Book Synopsis The Cambridge Paperback Guide to Literature in English by : Ian Ousby
Download or read book The Cambridge Paperback Guide to Literature in English written by Ian Ousby and published by Cambridge University Press. This book was released on 1996-02-23 with total page 452 pages. Available in PDF, EPUB and Kindle. Book excerpt: Derived from the parent Guide to Literature in English, this volume offers in concise form over 4,000 entries on literature in English from cultures throughout the world. Writers and major works from the UK and the USA are represented, as are those from Canada, the Caribbean, Australia, India, and Africa. The coverage is broad - from the classics of English literature to the best of modern writing. Additionally, the Guide has a wealth of entries on literary movements, groups or schools in literature and criticism, literary magazines, genres and sub-genres, critical concepts, and rhetorical terms.

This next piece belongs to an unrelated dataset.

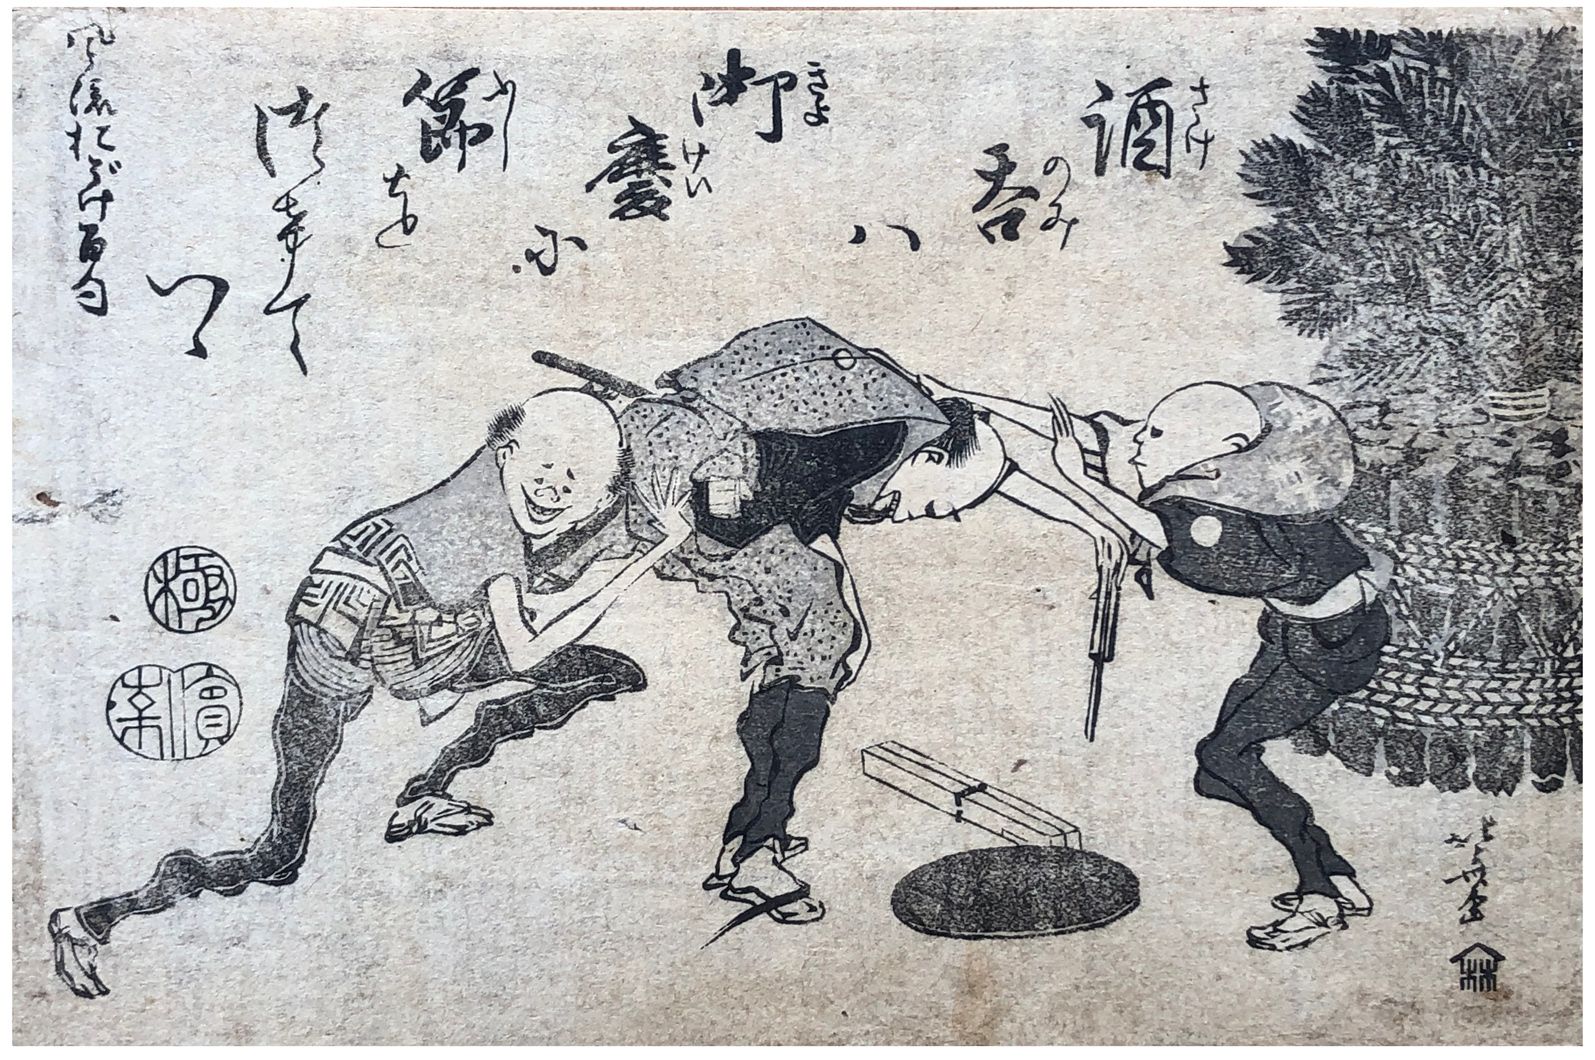 Japanese Woodblock Print by Katsushika Hokusai New Year Celebration 
Salissures &hellip;

Book Synopsis Columbia Dictionary of Modern European Literature by : Jean Albert Bédé
Download or read book Columbia Dictionary of Modern European Literature written by Jean Albert Bédé and published by Columbia University Press. This book was released on 1980 with total page 932 pages. Available in PDF, EPUB and Kindle. Book excerpt: With more than 1800 critical entries on the writers and literatures of 33 languages, this work presents the entire range of modern European writing -- from the symbolist and modernist works rooted in the last decades of the nineteenth century; through the avant-garde and existentialist movement to Barthes, Blanchot, Breton, and continental thought pertinent today.